Ноктюрн
Крема американо сели, показывая темную, практически черную поверхность кофе. Пар все еще шел от него, но уже было понято, что он остыл, испортился. Почему-то люблю именно такой американо – чуть кислый, теплый. В этой дешевой забегаловке делали хороший кофе, а все остальное лучше не пробовать. Неудобный красный диван из кожзама или чего-то в этом роде неприятно холодил задницу. Комфортом здесь и не пахнет – холодно, грязно, лампы не горели, посему сквозь окна пробивался холодный свет осеннего солнца. Прошло примерно полчаса с тех пор, как я здесь сижу. Я посмотрел на время. Сорок минут. Опаздывает, опять. Каждый раз, когда слышал звук открывающейся двери, я с надеждой смотрел, стараясь увидеть ее. Но это были лишь случайные посетители, которые не приносили ничего, кроме холода и грязи. Казалось, куда уж больше.
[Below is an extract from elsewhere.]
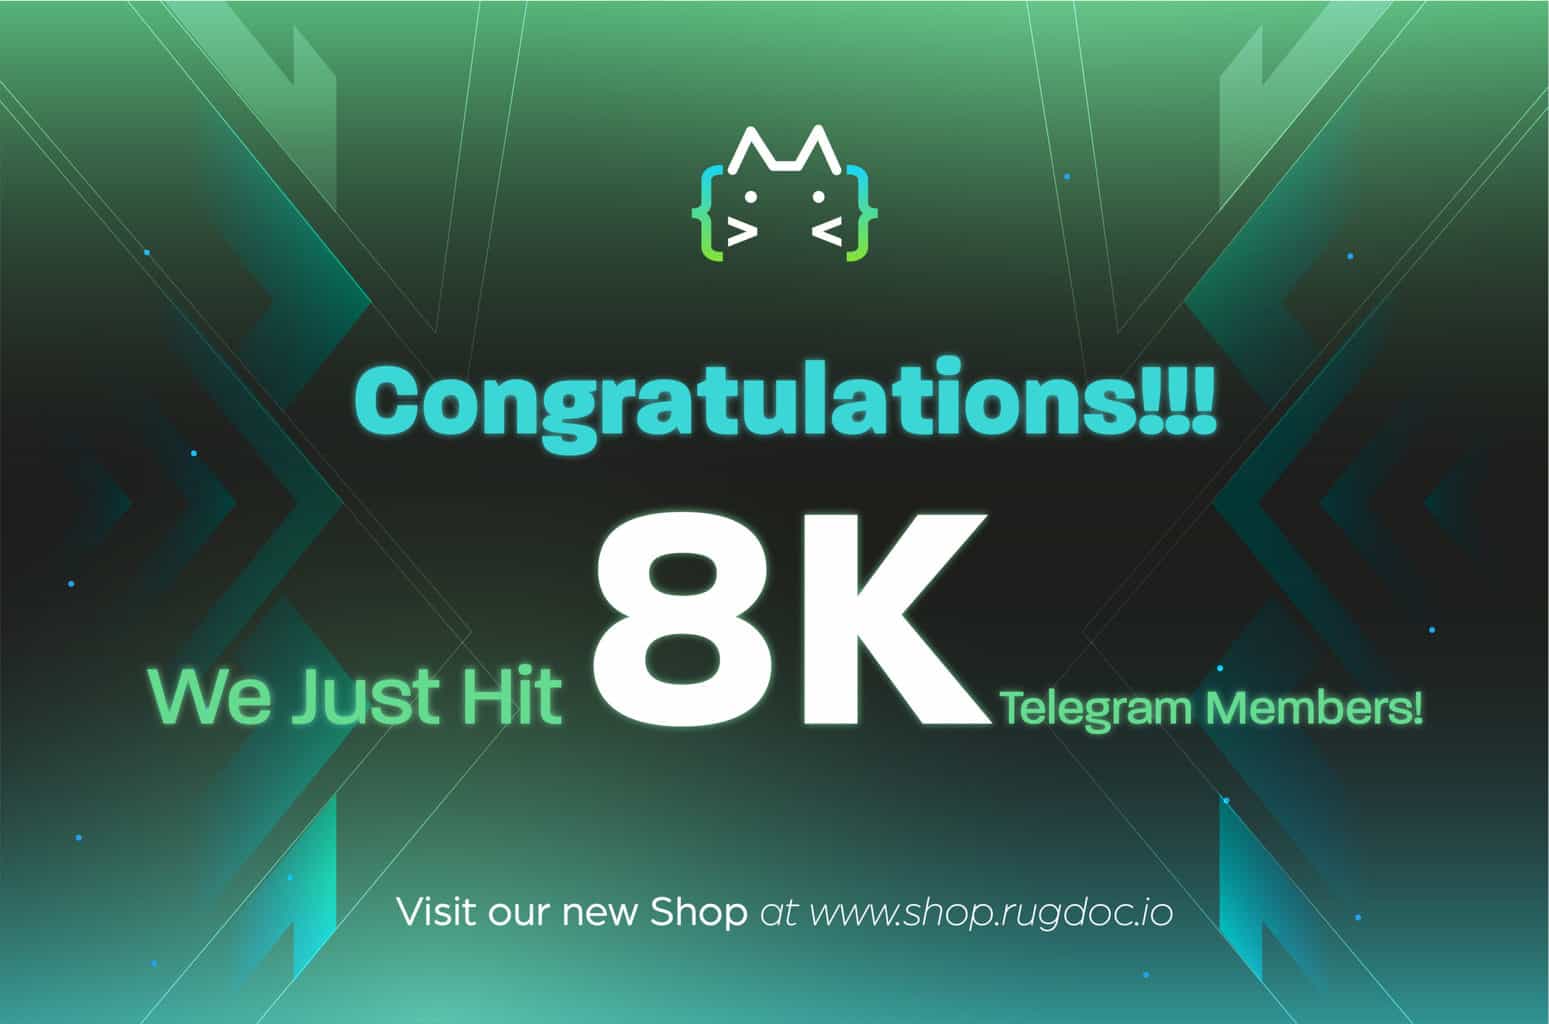 Hit 8K telegram members

Наконец, спустя некоторое время, пришла Она. Красная, уставшая, пухлые губы посинели. Видно, что старалась успеть. Она села, скинув с себя шарф, шапку и куртку. Та итак выглядела старше своих лет, а сейчас я бы дал ей двадцать шесть лет минимум. Он подозвала неказистую и неуклюжую официантку, заказала коктейль и отправила.
– Итак, – начал я – Ты снова опоздала.
Она начала буравить меня взглядом.
– Оправдываться я не собираюсь. Сам знаешь, что я забываюсь иногда.
– Я все понимаю, но мы сидим здесь каждую среду на протяжении трех месяцев.
– Закрой тему или твой холодный кофе окажется у тебя на морде.
Я улыбнулся. Классический обмен любезностями. С М я знаком не так давно, около пяти месяцев, с тех пор как остановился в небольшом приморском городке. Даже моя память не удержала момент нашего знакомства, что уж говорить о её. Помню, я частенько приходил к ней на концерты. Фортепиано, скрипка, мне нравилось слушать ее игру на этих инструментах. Когда она бывала у меня, она играла мне на скрипке, а я читал ей свои рассказы. Творческие вечера, как мы их называли. Теплые воспоминания. Мне до сих пор не верится, что М школьница. Девятый или десятый класс, не помню. Не только и не столько из-за общения, сколько из-за ее внешности. Она выглядела на все двадцать – огромные глаза, пухлые губы, щечки, басовитый голос. Мне не нравилась её внешность, хотя в ней и было нечто притягательное. М частенько просила встретить её у школы, дабы весь класс смотрел на то, как ее забирает двадцатипятилетний парень. Так продолжалось около месяца. За ней и тогда наблюдались странности, но до явных заскоков не доходило. Потом, она начала забывать дорогу, нести околесицу. Ее диагноз мне крайне не понравился. Шизофрения, или нечто в этом роде. М начала постепенно меняться и забывать, кто она. Со временем, все стало только хуже.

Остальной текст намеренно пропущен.